To roll out our application on Amazon ECS, we have to set up a private Docker registry and an Amazon ECS cluster. First, we have to create IAM roles for Amazon ECS. Before we can launch container instances and register them into a cluster, we must generate an IAM role for those container instances to use when they are launched. This requirement applies to container instances launched with the Amazon Machine Image (AMIoptimized for ECS or any other instances where you will run the agent.

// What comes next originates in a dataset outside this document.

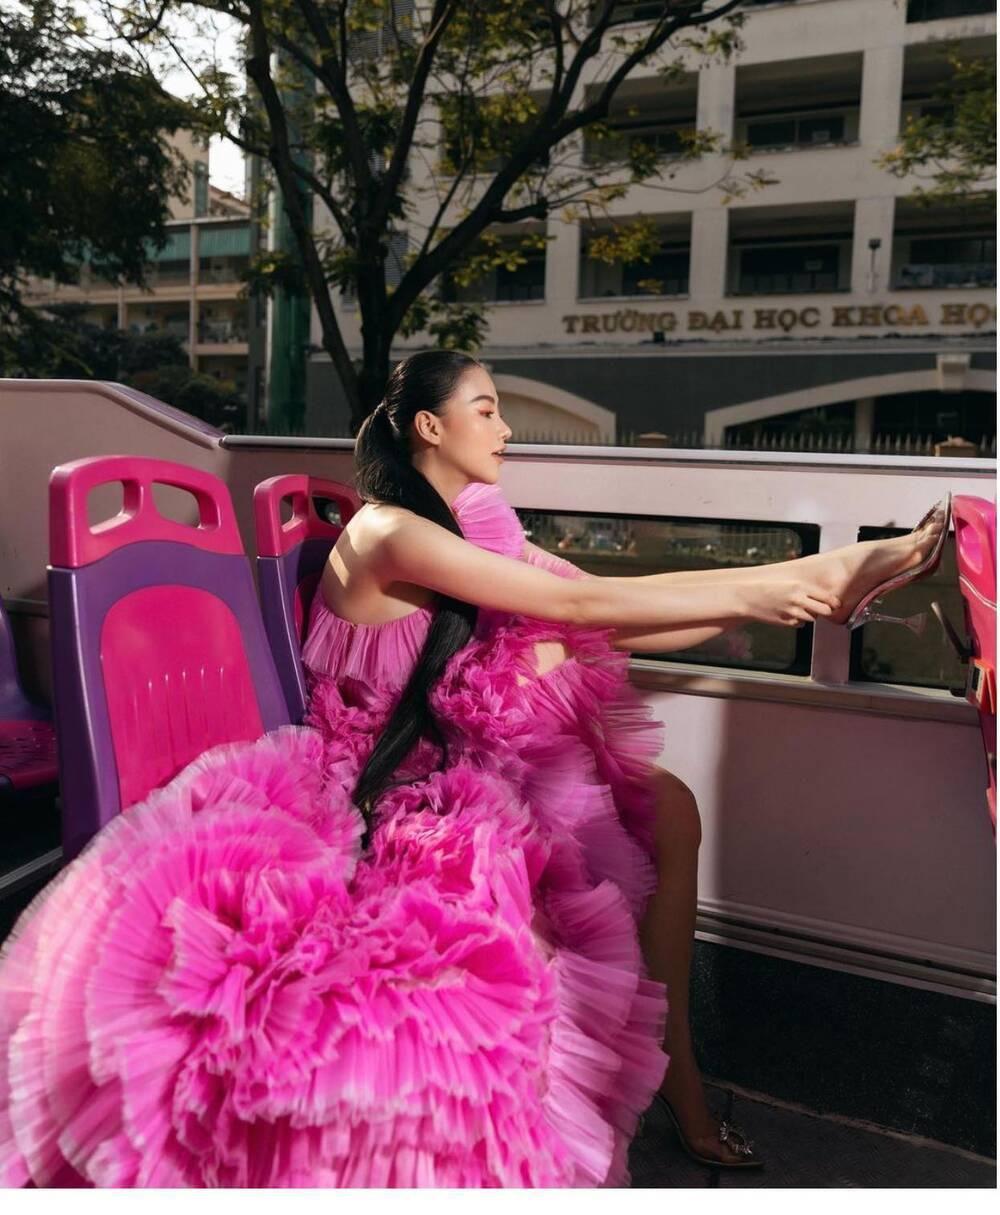 Đụng hàng Thủy Tiên, Hoa hậu Phương Khánh tự tin diện váy cắt xẻ tạo dáng trên xe buýt Ảnh 3

aws iam create-role --role-name ecsInstanceRole --assume-role-policy-document file://<path_to_json_file>/ecsInstanceRole.json

ecsInstanceRole.json:

{
  "Version": "2008-10-17",
  "Statement": [
    {
      "Sid": "",
      "Effect": "Allow",
      "Principal": {
        "Service": "ec2.amazonaws.com"
      },
      "Action": "sts:AssumeRole"
    }
  ]
}

 

aws iam attach-role-policy --policy-arn arn:aws:iam::aws:policy/service-role/AmazonEC2ContainerServiceforEC2Role --role-name ecsInstanceRole

We have to attach an additional policy so the ecsInstanceRole can pull Docker images from Amazon ECR:

aws iam put-role-policy --role-name ecsInstanceRole --policy-name ecrPullPolicy --policy-document file://<path_to_json_file>/ecrPullPolicy.json

ecrPullPolicy.json:

{
    "Version": "2012-10-17",
    "Statement": [
        {
            "Effect": "Allow",
            "Action": [
                "ecr:BatchGetImage",
                "ecr:GetDownloadUrlForLayer",
                "ecr:GetAuthorizationToken"
            ],
            "Resource": "*"
        }
    ]
}

This role needs permission to write into our Amazon Kinesis Firehose stream, too:

aws iam put-role-policy --role-name ecsInstanceRole --policy-name firehosePolicy --policy-document file://<path_to_json_file>/firehosePolicy.json

firehosePolicy.json:

{
    "Version": "2012-10-17",
    "Statement": [
        {
            "Sid": "",
            "Effect": "Allow",
            "Action": [
                "firehose:DescribeDeliveryStream",
                "firehose:ListDeliveryStreams",
                "firehose:PutRecord",
                "firehose:PutRecordBatch"
            ],
            "Resource": [
                "arn:aws:firehose:aws-region:<account-ID>:deliverystream/<delivery-stream-name>"
            ]
        }
    ]
}

The Amazon ECS service scheduler makes calls on our behalf to the Amazon EC2 and Elastic Load Balancing APIs to register and deregister container instances with our load balancers. Before we can attach a load balancer to an Amazon ECS service, we must create an IAM role for our services to use. This requirement applies to any Amazon ECS service that we plan to use with a load balancer.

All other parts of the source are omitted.